[[ Supplied data open ]]
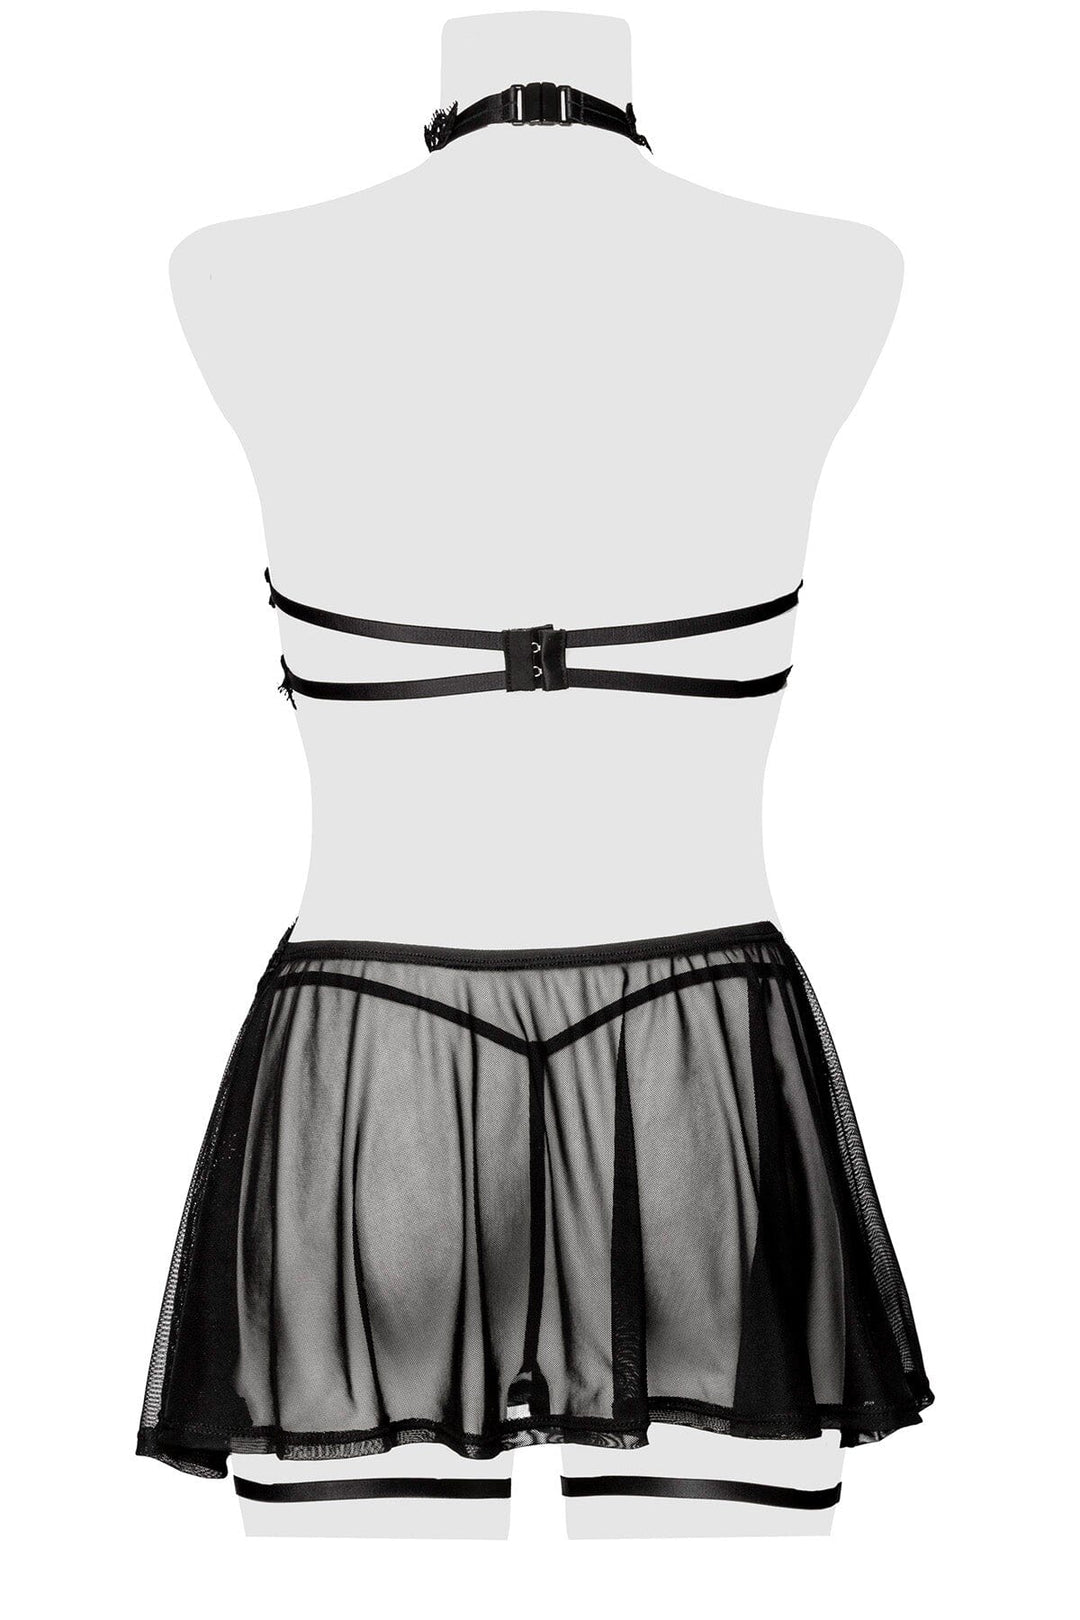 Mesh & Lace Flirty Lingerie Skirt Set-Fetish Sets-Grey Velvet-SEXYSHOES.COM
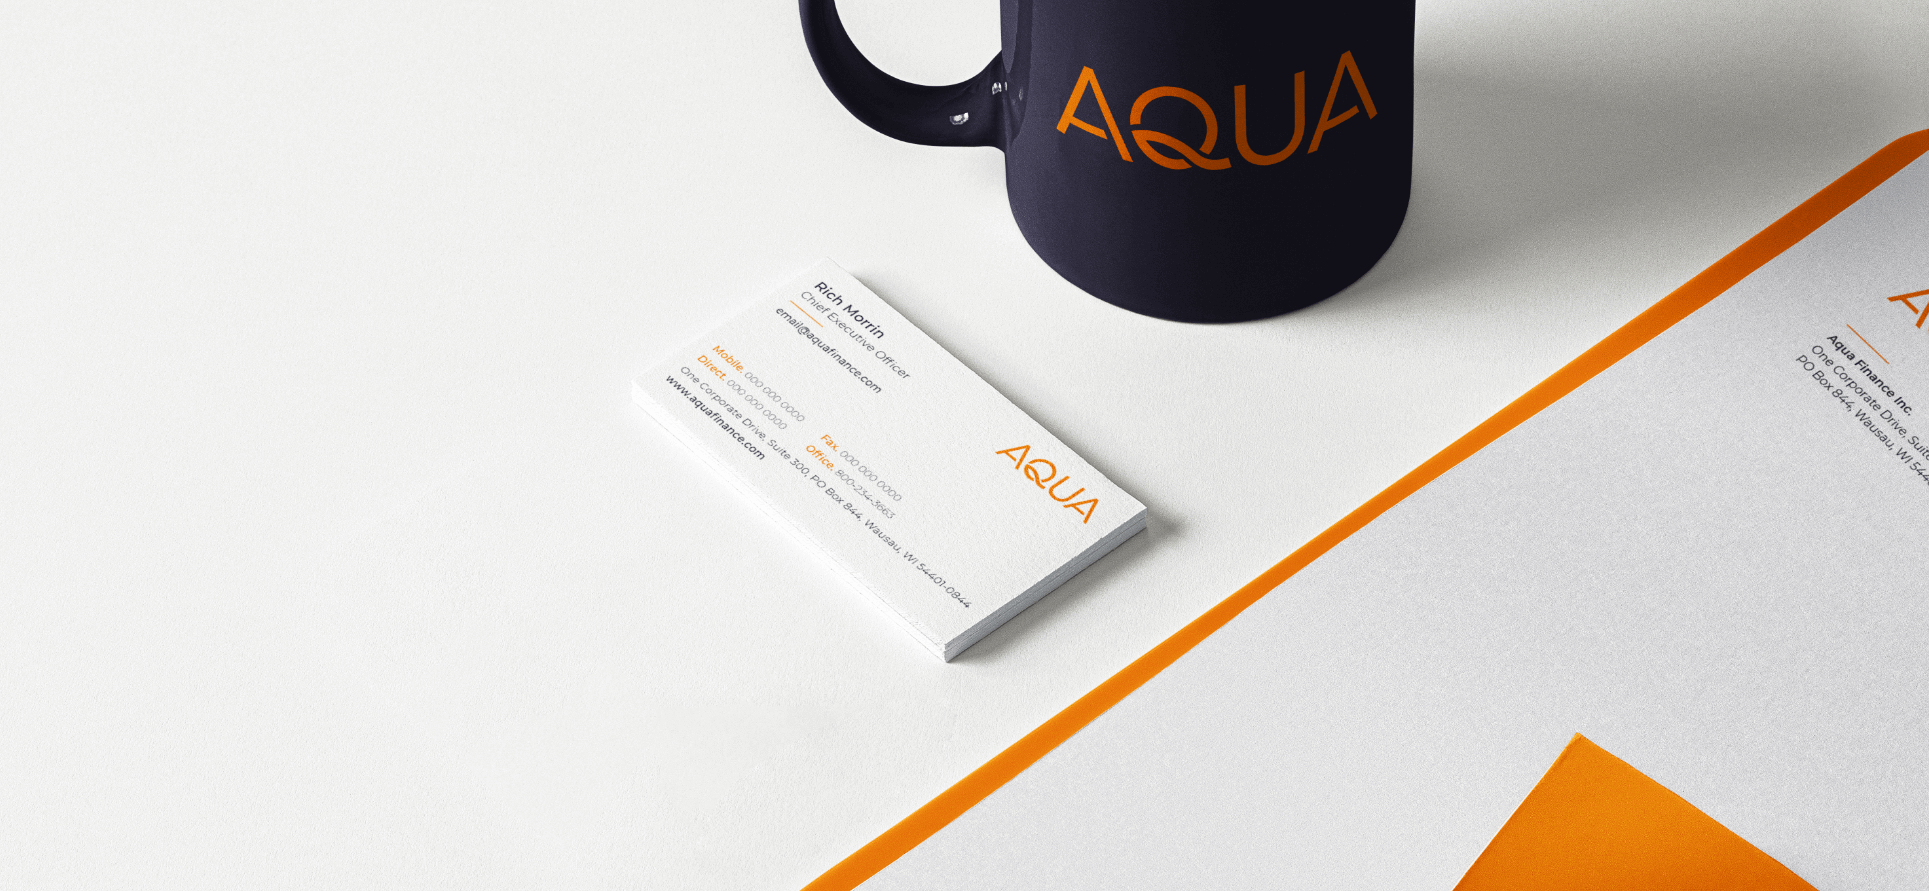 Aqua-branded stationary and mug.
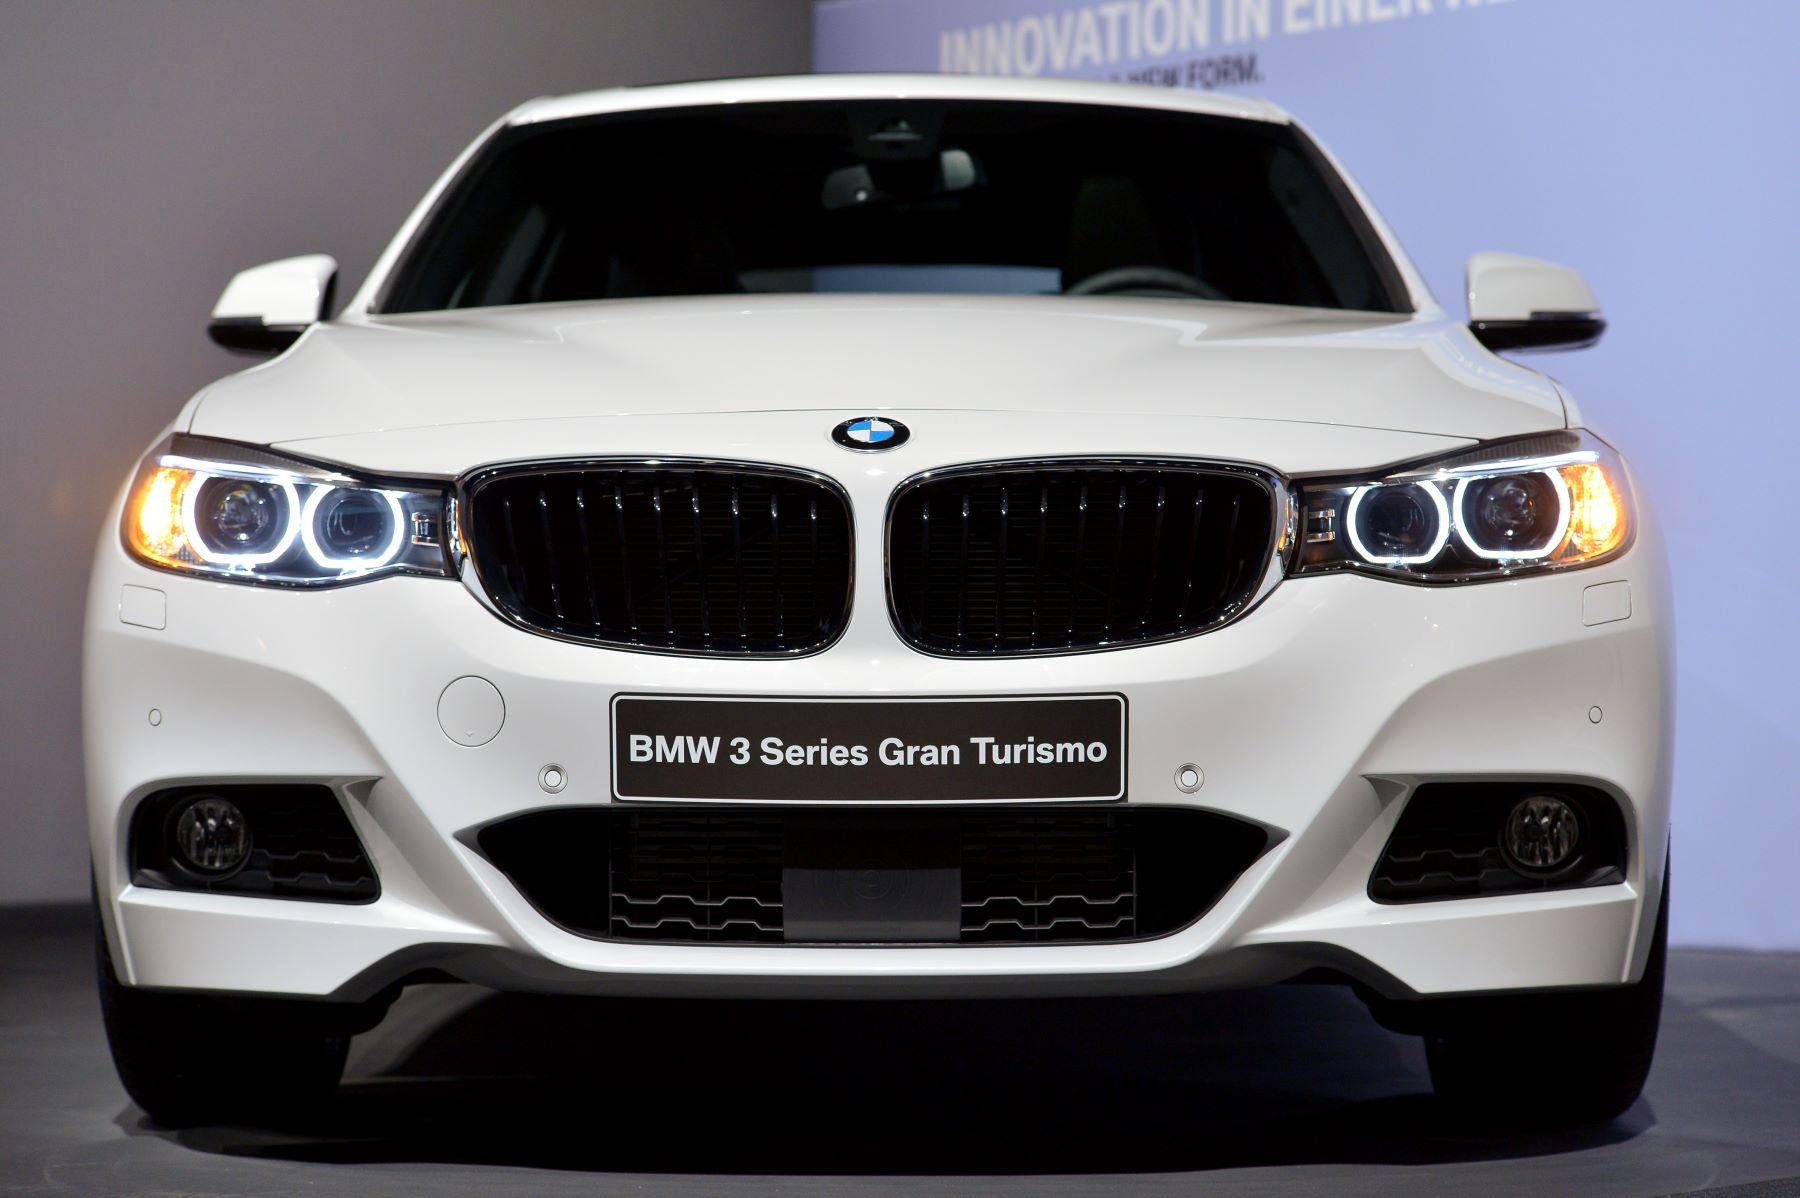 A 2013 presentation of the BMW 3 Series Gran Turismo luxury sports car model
[[ Supplied data closed ]]
#### What you are asked to do:
Pictures do not belong in the copy. Repeat exactly each line from the one with "Aqua-branded stationary and mug." through the end of the listing.

#### Answer box:
 Aqua-branded stationary and mug.
 A 2013 presentation of the BMW 3 Series Gran Turismo luxury sports car model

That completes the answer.